We should not forget that Osama bin Laden’s evil extended far beyond the outrages of September 11, 2001. The list of terrorist acts he committed and inspired extends, literally, for pages. At last, the mastermind of the bombing of the 1998 American embassies in Kenya and Tanzania—which together killed and wounded more than 5,000 people—is dead. At last, the leader of a group that planned to assassinate Pope John Paul II and President Clinton, and to bomb a dozen trans-Pacific airline flights, is dead. At last, the author of the 1996 truck bombing at Khobar Towers and the 2000 bombing of the USS Cole is dead. At last, the man who inspired and took credit for the 2002 bombing of a Bali nightclub, the 2002 firebombing of a Tunisian synagogue, the 2002 bombing of a Mombasa hotel, the 2003 attacks in Riyadh, the 2003 bombings of synagogues and banks in Istanbul, the 2003 bombings in Casablanca, the 2004 Madrid train bombings, the 2005 London subway bombings, the 2005 Amman hotel bombings—is dead. The man who inspired and rejoiced in the 2003 Imam Ali Mosque bombing, the 2004 Irbil bombings, the 2004 Ashura bombings, the 2004 Basra bombings, the 2005 Musayyib bombing, the 2005 Baghdad bombings, the 2005 Khanaqin bombings, the 2006 Buratha Mosque bombing, the 2006 Sadr City, Iraq bombings, the 2007 Baghdad market bombing, the 2007 Tal Afar bombings, the 2007 Baghdad bombings, the 2007 Yazidi community Iraq bombing—is dead.

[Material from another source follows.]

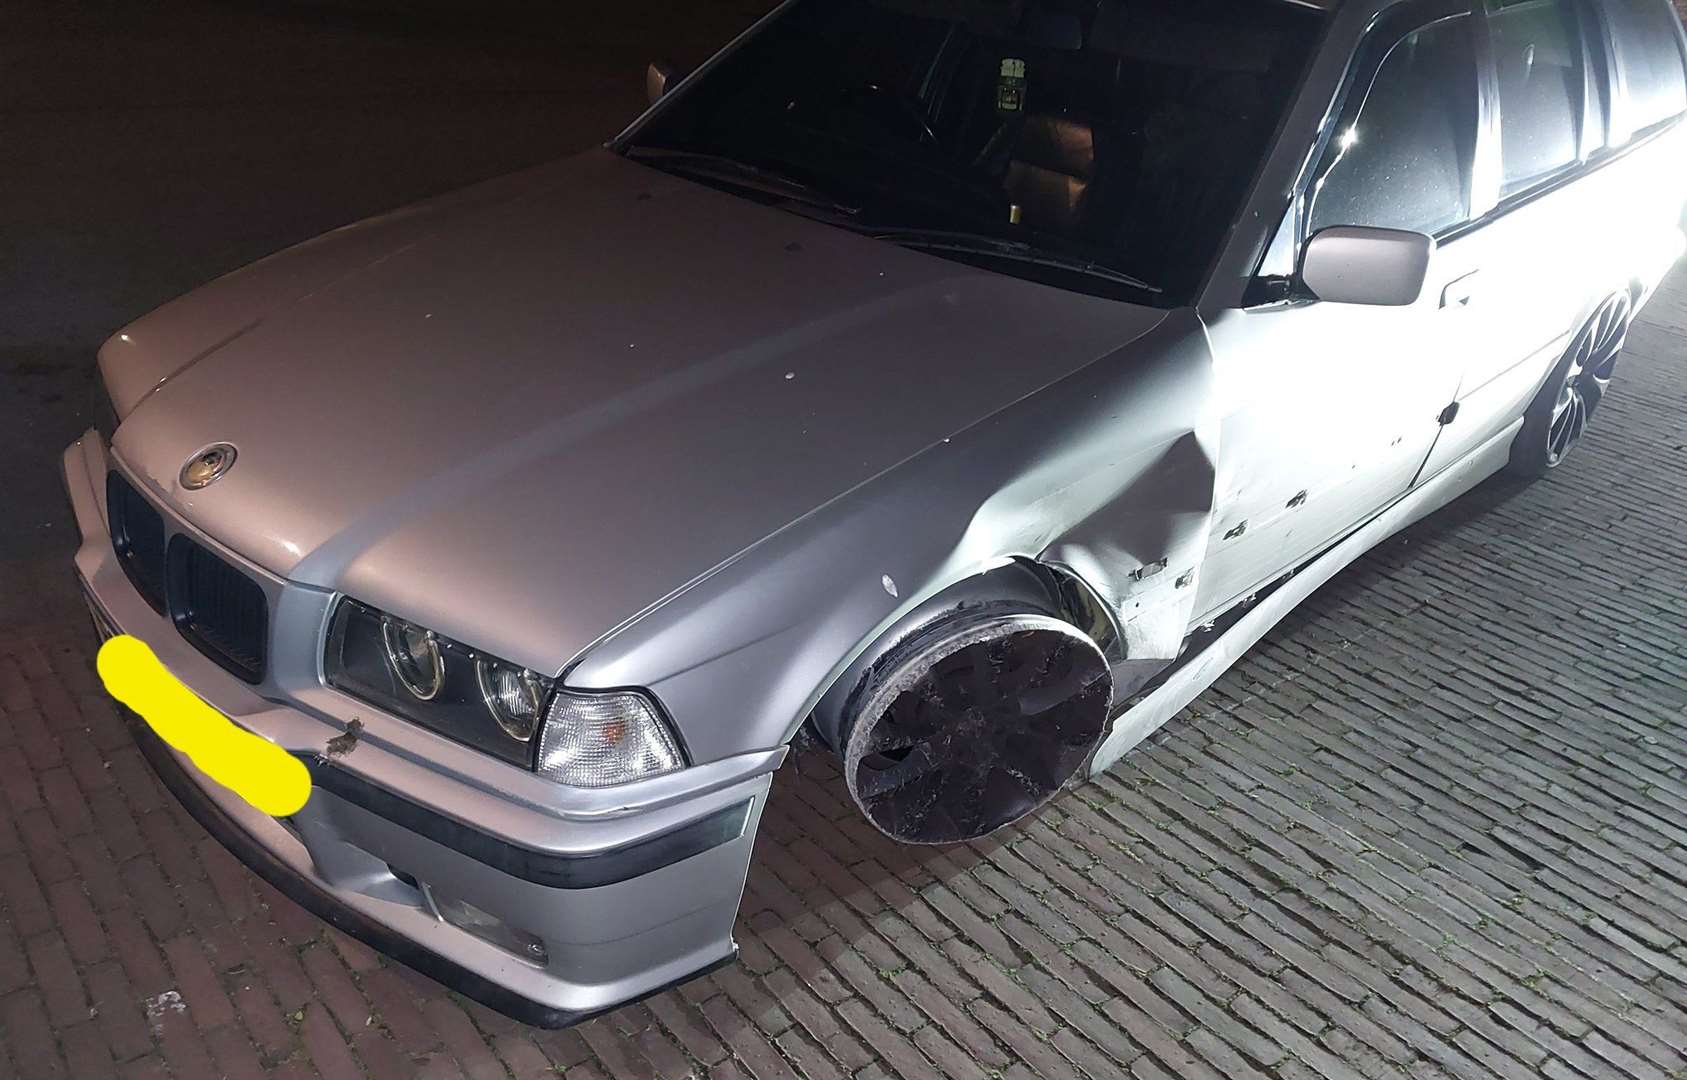 The BMW crashed into a roundabout and continued driving with a sparking wheel

The list of horrors connected to bin Laden, directly or by inspiration, is so vast that in trying to catalog them, one fears insulting the memory of the victims through oversight. He left countless thousands, the globe around, dead, maimed, bereaved, scarred, and forever heartbroken. Most of al-Qaida’s victims have been Muslims. These photos show what al-Qaida did to Istanbul. That was two blocks from the apartment I used to live in, a peaceful neighborhood of good, hardworking men and women. There is a reason Turks were among the first to express their satisfaction at the news of his death.
The victims will never be brought back to life. But neither will he.